There is another theory which places Bobastro in the city of Ronda. Highlights include the rock-cut buildings, including a church and castle Mozarabic cave.

Access is from the road-Ardales Alora, about 2 km north of El Chorro and the south side of the gorge Gaitanes. From here, a paved trail climbs the hill of Las Mesas de Villaverde, but halfway is pedestrian access to part of the ruins of Bobastro.

On top of the hill, from where you can enjoy great views of the environment, we find the remains of a fortification. Surprise encounter a water reservoir at the top, the water is pumped at night to get electricity during the day.

Bobastro, in Malaga, Costa del Sol, Spain

Bobastro, in Malaga, Costa del Sol, Spain


Omar Ben Hafsún fled to Bobastro in the late ninth century to rebel against the Emir of Córdoba. His conversion to Christianity in 899 explains the construction of this church, carved into the rock probably becouse of eremitical tradition and performed in the late first century IX or X.

This mozarabic church is the only known of al-Andalus. It was destroyed by Abdel Rahman III, when, after resisting as separate kingdom for more than 50 years of attempts from Cordoba, it was conquered on 19 January 928.

Excavated in sandstone, it is a basilica with three naves separated by horseshoe arches, transept and three areas, the central horseshoe arch and the rectangular sides.

Perfectly facing east, has an approximate length of 16.50 m long and 10.30 m wide. In the area there are remains of other buildings that belonged to other people who took refuge there


Bobastro, in Malaga, Costa del Sol, Spain
The Medieval Church by Bobastro, in Malaga, Costa del Sol, Spain



Visiting Bobastro can be done from the nearby town of Alora or Ardales, being only about 45 minutes from the coast. The roads are good, but the signposting is not very clear if you are not a local. We suggest you should take the route up from Málaga on the A-357, and then take the exit of Pizarra-Alora.

After passing the beautiful Town of Alora you head for “El Chorro” district and there you will start to see the signposts for Bobastro. As everything in Spain, on the way to Bobastro there is many things worth visiting, like are : El Chorro Lakes, Gaitanes Gorge, the Town of Alora, El Quiosco Restaurant, Restaurante El Mirador, and many more.


You need a morning for the visit, including getting there. Good thing is that there is enugh to see around there to fill the day. Good location, good walking areas, and good food!

Bobastro, in Malaga, Costa del Sol, Spain

On the way to bobastro, in Malaga, Costa del Sol, Spain

Don’t forget that lately and finally the ruins of Bobastro are taken care of and are fenced. Gone are the days that you could just walk in and “discover” on your own (a pity, if you ask me) .

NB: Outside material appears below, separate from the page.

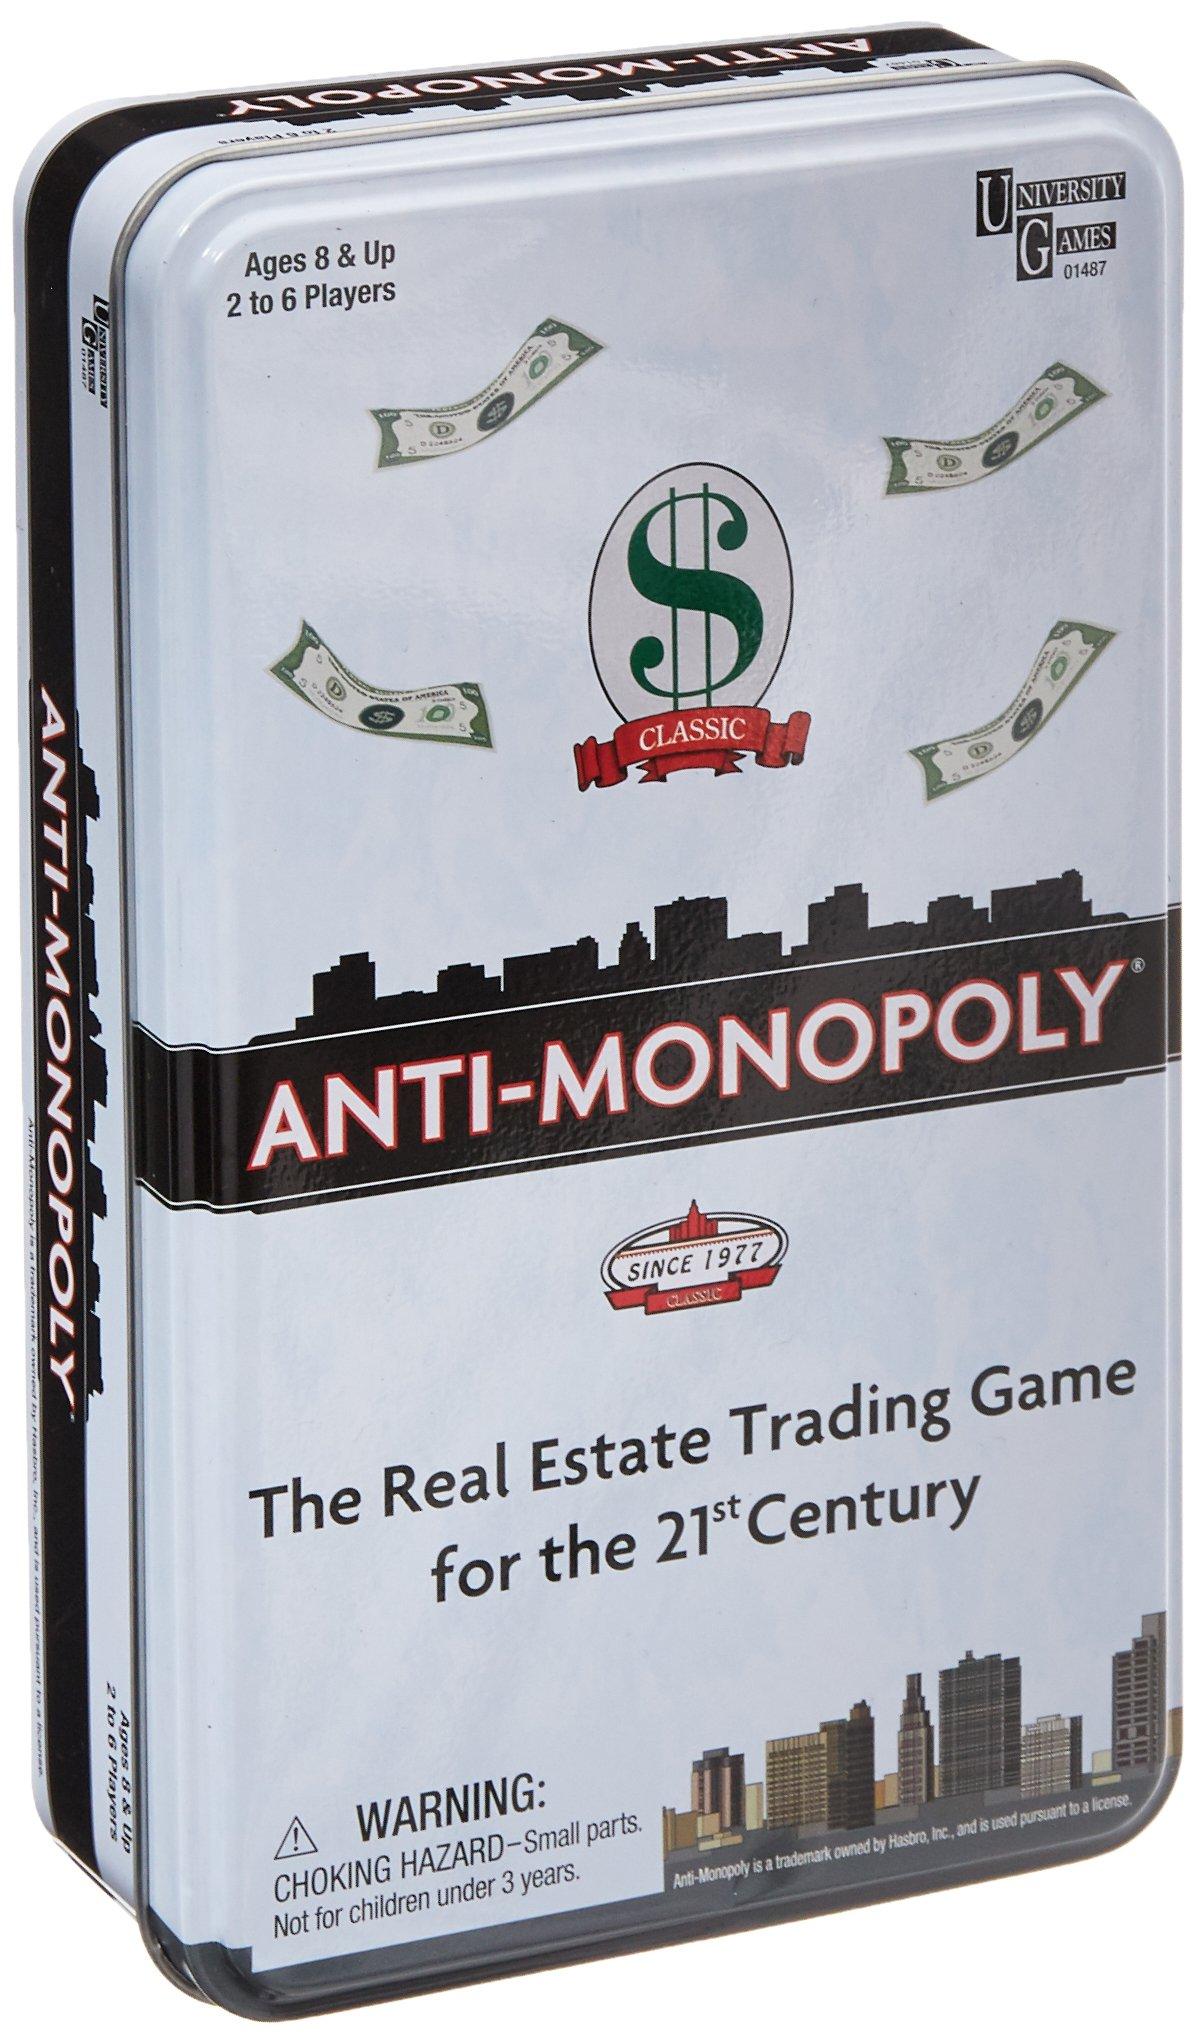 Anti-Monopoly Game Tin

But then, I suppose its for the benefit of the monument. Saying that, do check the opening times. Other ways you will get there and stand in front of a closed gate! Ask the guide for the other things to see, like the fortress of bobastro, the old town walls, the princess house, and the different artificial caves used by hermits


Apart from the mentions before, you can visit other landmarks like LA Huma Mountain, Escalera de los republicanos, Caminito del Rey, Ardales, Alora, The park of Gaitanes, and the park of the Conde del Guadalhorce.